If I have an animation that I want to play at a certain FPS on the users screen, how would I accomplish this? I've seen some people do this:

function render()
{
    setTimeout(draw(), 1000/60);  // 60 fps?
}

Is that the proper way to do it?

What happens if someone's computer is too slow to handle the geometry in the scene? Is there someway to do frame skipping in order to keep their framerate at the target rate but skipping certain frames in order to stay there?

@mrdoob
Owner

I think this is the simplest and most respectful (for the other tabs and user's cpu) solution...

setInterval( function () {

    requestAnimationFrame( draw );

}, 1000 / 60 );

What happens if someone's computer is too slow to handle the geometry in the scene? Is there someway to do frame skipping in order to keep their framerate at the target rate but skipping certain frames in order to stay there?

Well, a proper way to deal with that is by animating using a timer instead (please, do it):

currentTime = new Date().getTime();
delta = currentTime - previousTime;
previousTime = currentTime;

object.position.z += delta;
@mrdoob
Owner

Actually that solution is not right... using the Page Visibility API should be more correct. Albeit it would only work on webkit browsers by now:

setInterval( function () {

    if ( ! document.webkitHidden ) requestAnimationFrame( draw );

}, 1000 / 60 );

There is also this other more correct solution but also harder to grasp:

var start = window.animationTime;
var rate = 10; // Hz
var duration = 10; // s
var lastFrameNumber;
function animate() {
  var elapsed = window.animationTime - start;
  if (elapsed < duration) {
    window.requestAnimationFrame(animate);
  }
  var frameNumber = Math.round(elapsed/(1000/rate));
  if (frameNumber == lastFrameNumber)
    return;
  lastFrameNumber = frameNumber;
  // ... update the display based on frameNumber ...
}
window.requestAnimationFrame(animate);
@Jakobud

I'll have to pick apart that last one to understand it a bit more. Thanks for the reply! They make sense now that I see them!

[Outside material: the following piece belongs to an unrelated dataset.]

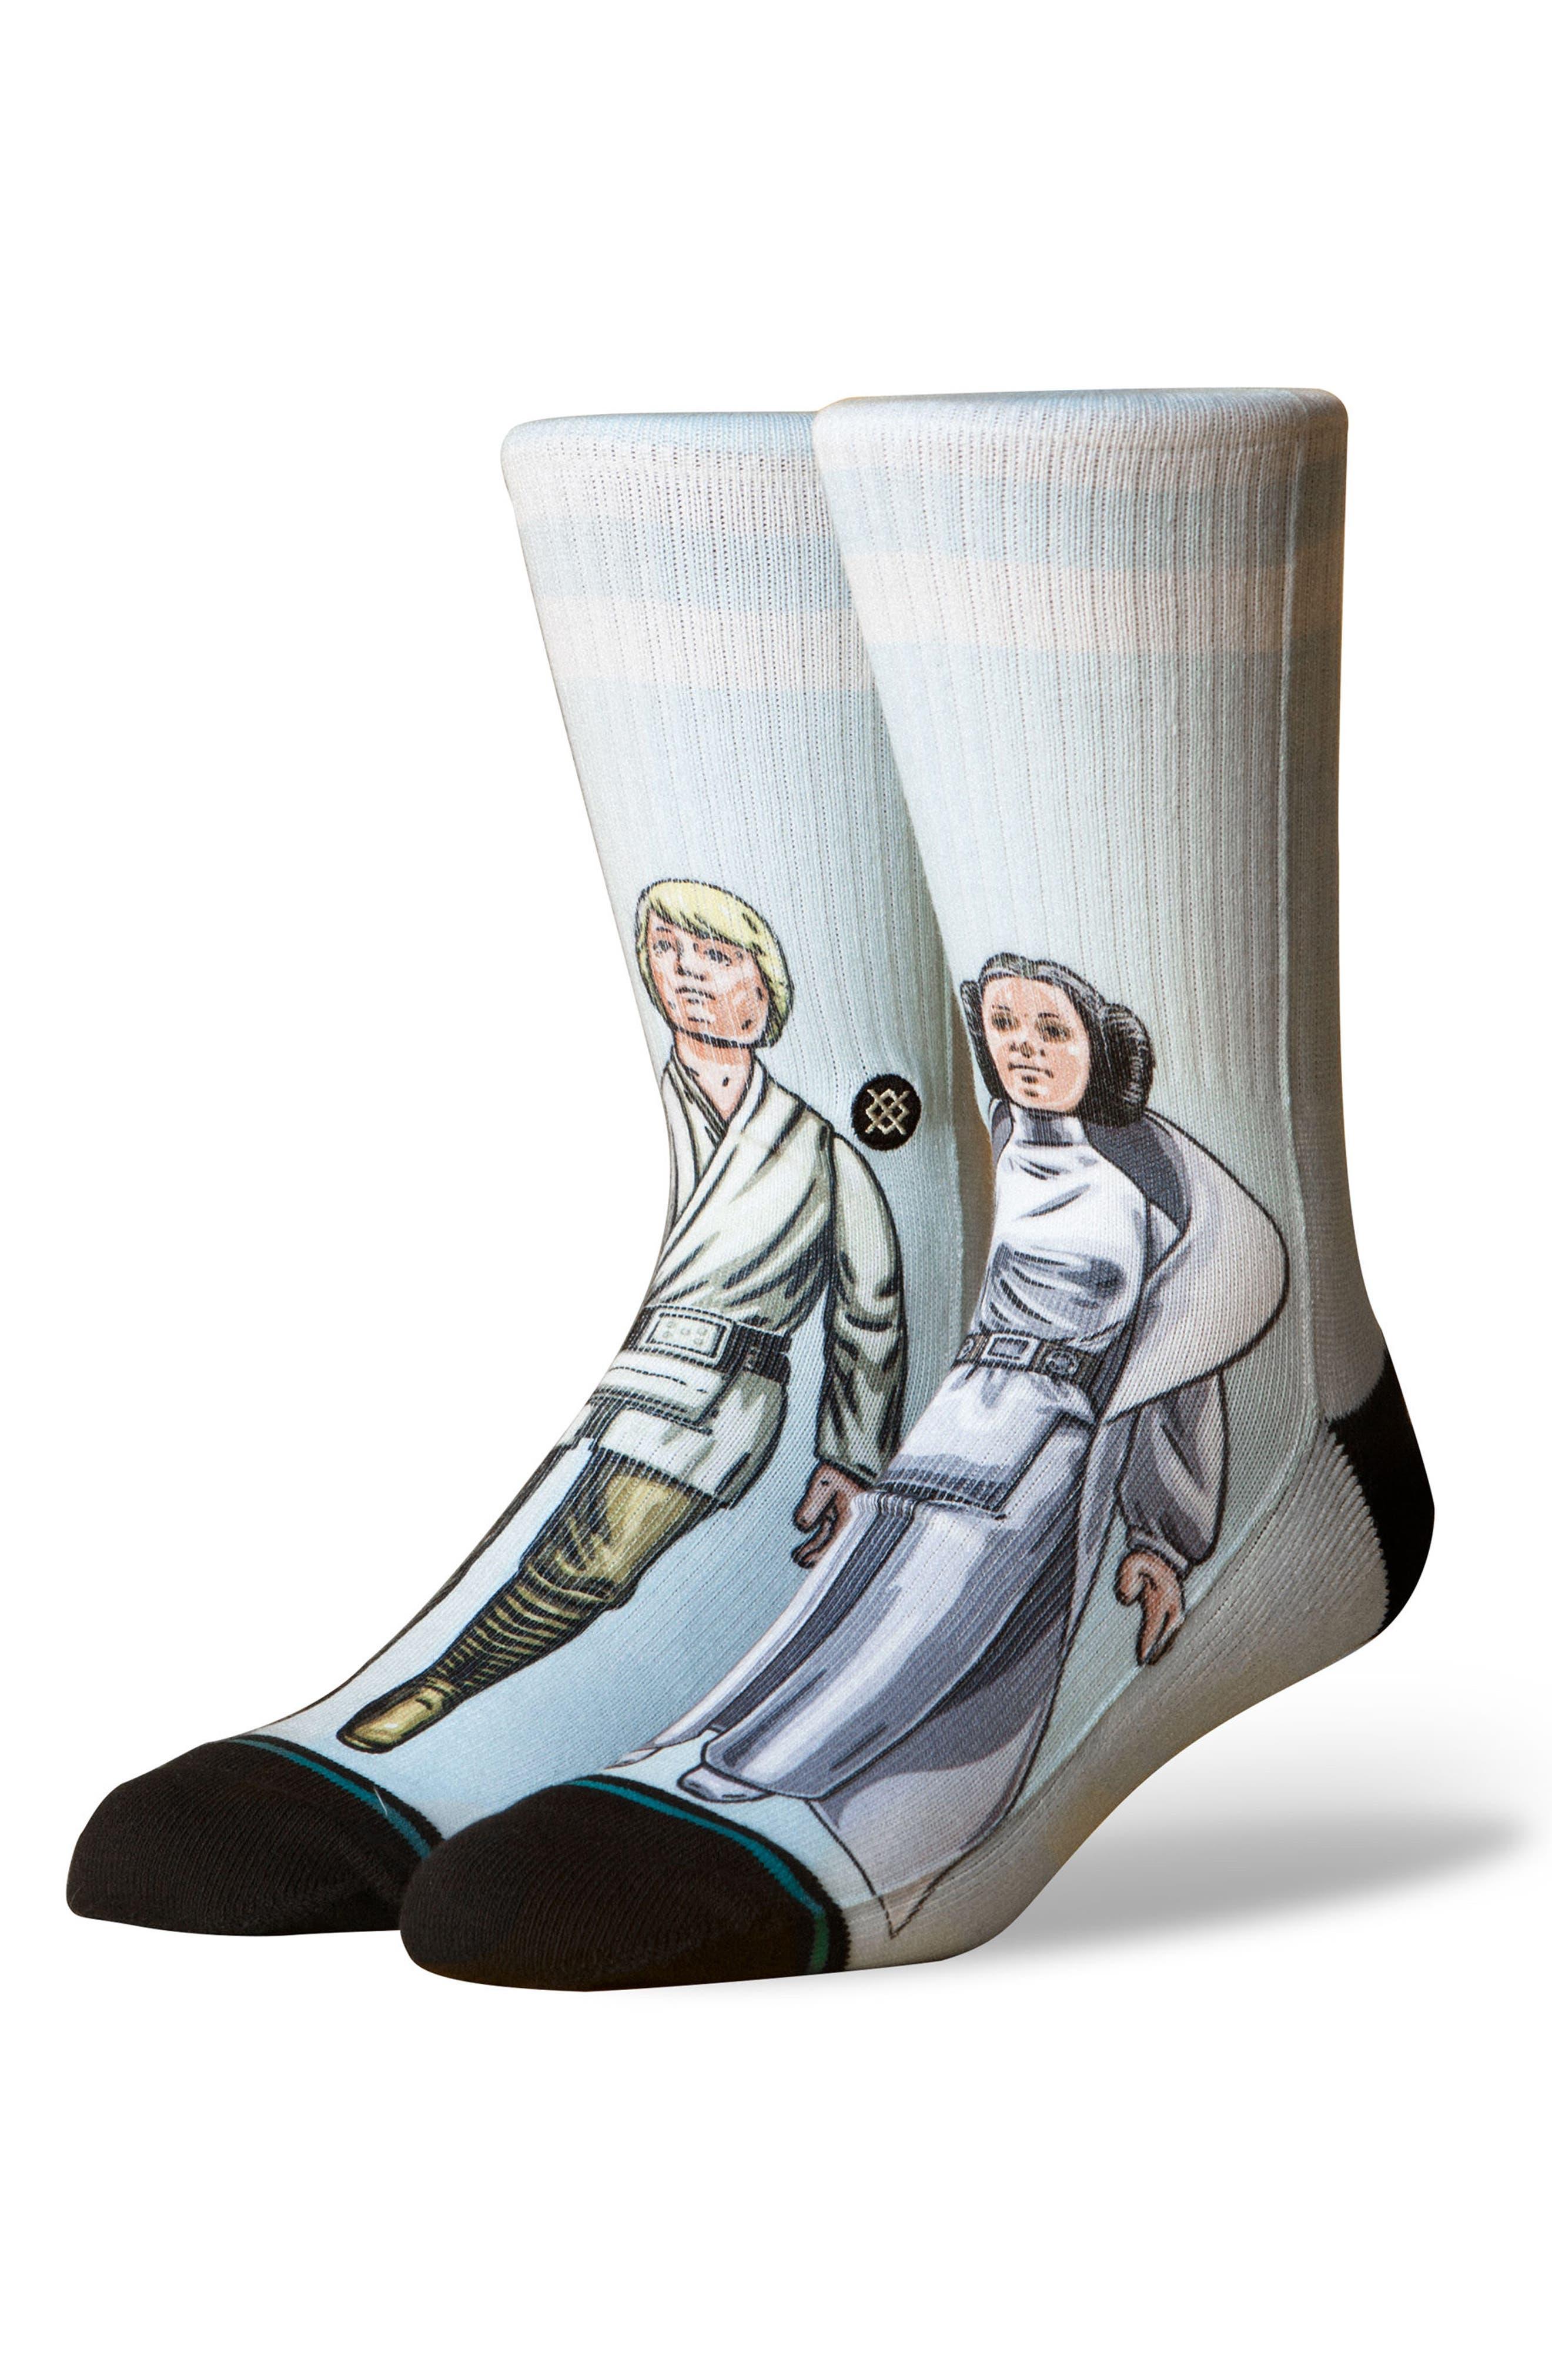 Star Wars<sup>™</sup> Family Force Socks,                             Main thumbnail 1, color,                             Aqua

@Jakobud Jakobud closed this
@Jakobud Jakobud reopened this
@mrdoob mrdoob closed this
@Jakobud

Where are you getting window.animationTime ?

@mrdoob
Owner

you can probably replace that with new Date().getTime().

@Jakobud

Any opinion on creating a new Date object on every frame?

@mrdoob
Owner

Needs to be done.

@gero3

Actually that is not completely true,
As normally requestAnimationFrame should give the timestamp as first argument on its callback.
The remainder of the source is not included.